Certificates and keys > SSL authentication

SSL authentication

Activator optionally allows certificates to be used for authenticating the identity of trading partners. Secure Sockets Layer (SSL) protocol authentication provides an added layer of security to trading relationships.

A community can be in the client or the server role when trading with a given partner.

Community in client role – When the community is sending a message to a partner, it acts as the SSL client. This requires the community to have trusted the partner's SSL server certificate.
Community in server role – When the partner is sending a message to the community's embedded SSL server, the community acts as the SSL server. If the embedded SSL server has been configured to require client authentication, the community must have trusted the partner's SSL client certificate.

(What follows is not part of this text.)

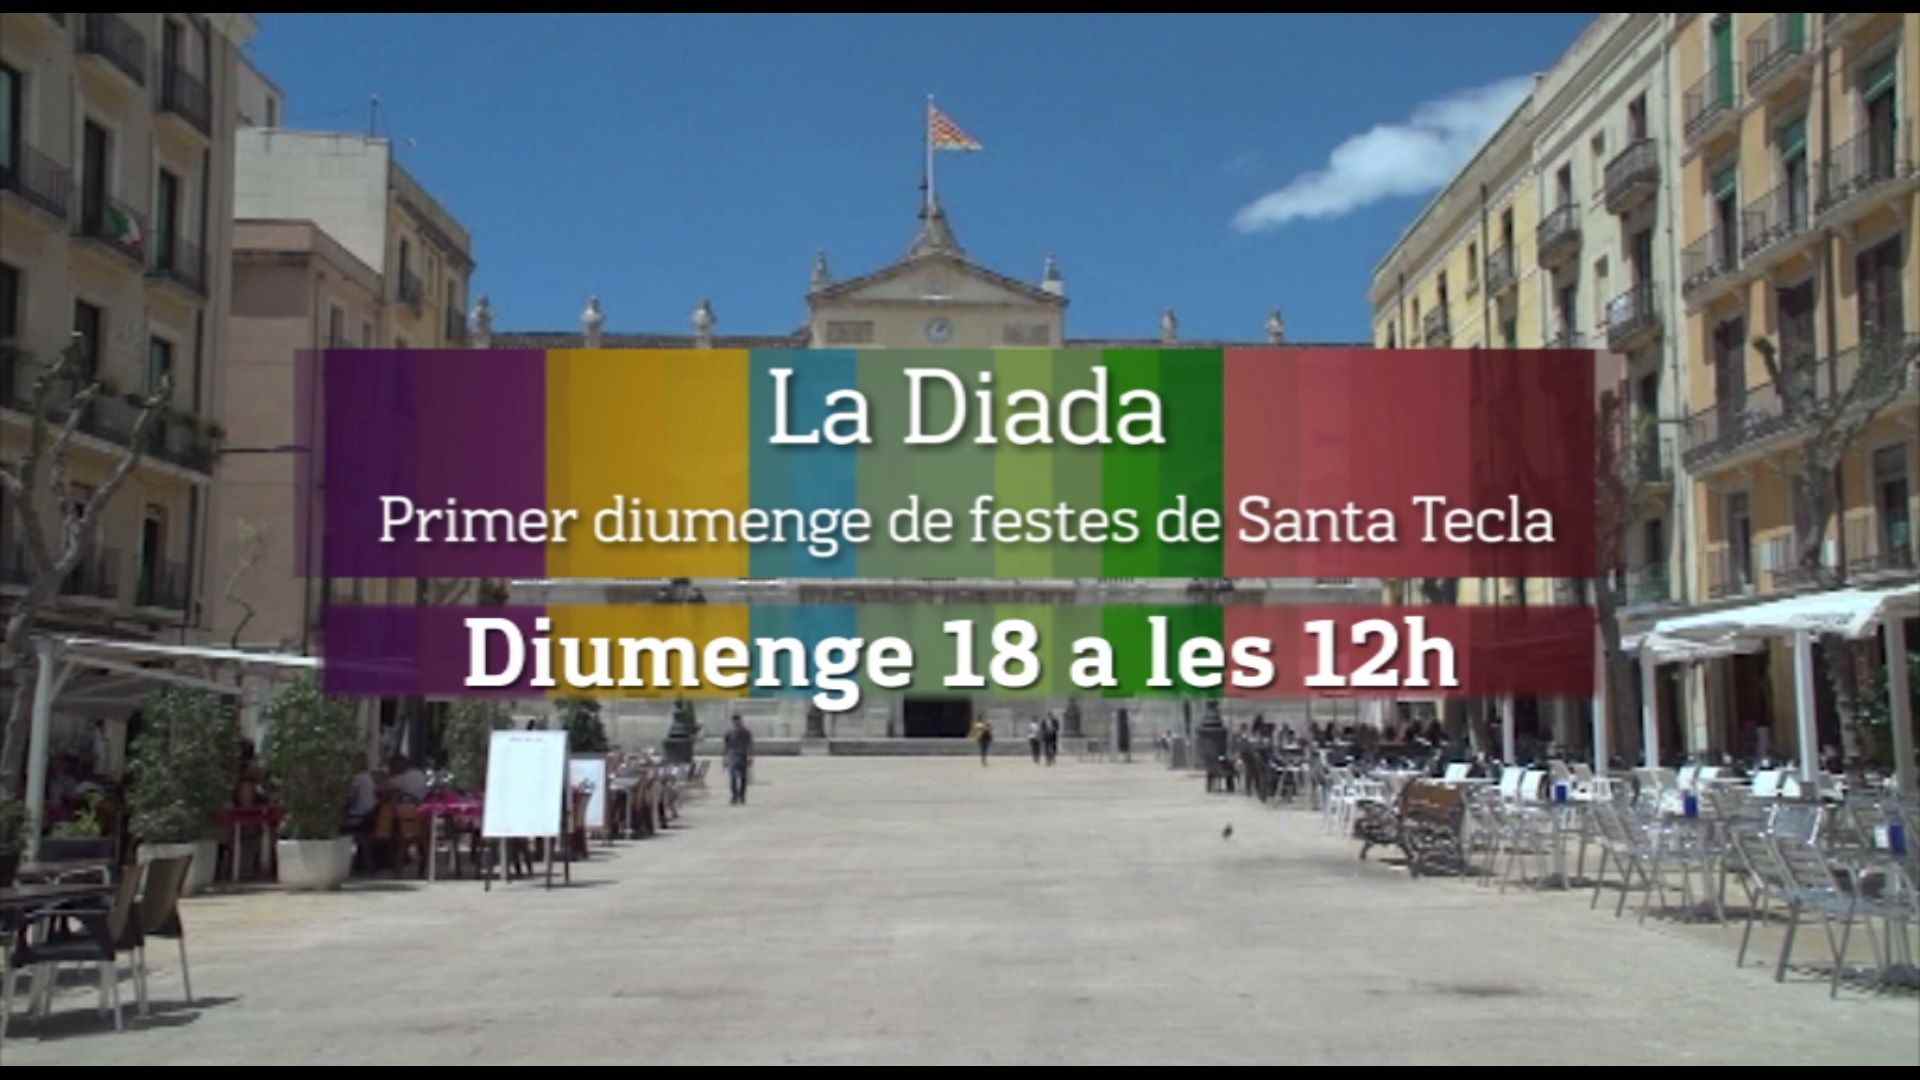 Streaming Diada castellera del primer domingo de las fiestas de Santa Tecla, en Tarragona

At the time of setting up a trading delivery, you specify that "clients must use SSL to connect to this server." You can further specify to "enable host name verification." The first control requires use of SSL protocol during connections. The second optional control makes Activator compare the name of the SSL server to the name in the server's certificate to make sure they are the same.

When setting up a partner trading pickup, you also can specify that "clients must use SSL to connect to this server." Optionally, you also can require "client-side certificate authentication," which means a partner's certificate is used to verify the partner's identity when a connection is made.

These controls are further described in the topics under Add a partner trading delivery and Modify a partner trading delivery.

Note

If you have a partner who uses webMethods, and the webMethods server runs HTTPS and requires client authentication, and you have not selected an SSL client authentication certificate, the connection is closed. The reason is not apparent in Activator. Activator produces a socket closed error message, but does not indicate the SSL handshake failed. To resolve this, select a certificate for SSL authentication in the community.

The following summarizes what happens when a client connects to an SSL server. These steps apply whether the community is connecting to the partner's SSL server (meaning the community is playing the client role) or the partner is connecting to the community's SSL server (meaning the community is playing the server role). Note that the way Activator performs these tasks may not precisely mirror this order. The steps are presented to illustrate the various checks that may occur.

The client establishes a socket connection to the SSL server. This could be an HTTP, FTP or another kind of server.
The server sends the client its SSL server certificate. This is a required step in the SSL handshaking sequence.
The client checks whether it trusts the server's certificate.
If the client trusts the server's certificate, the connection is maintained. Otherwise, the client drops the connection if it does not trust the server's certificate.

This is the end of the authentication process, unless the server is configured to require client authentication. If client authentication is called for, the following additional steps are performed.

The server explicitly asks the client to send its SSL client certificate.
The client sends the server its SSL client certificate.
The server checks whether it trusts the client's certificate.
If the server trusts the client's certificate, the authentication process is completed (unless host name verification is required as noted in the next step). Otherwise, the server drops the connection if it does not trust the client's certificate.
If host name verification also is called for, the client takes the additional step of comparing the name of the SSL server to the name in the server's certificate. If the names are not the same, the client drops the connection.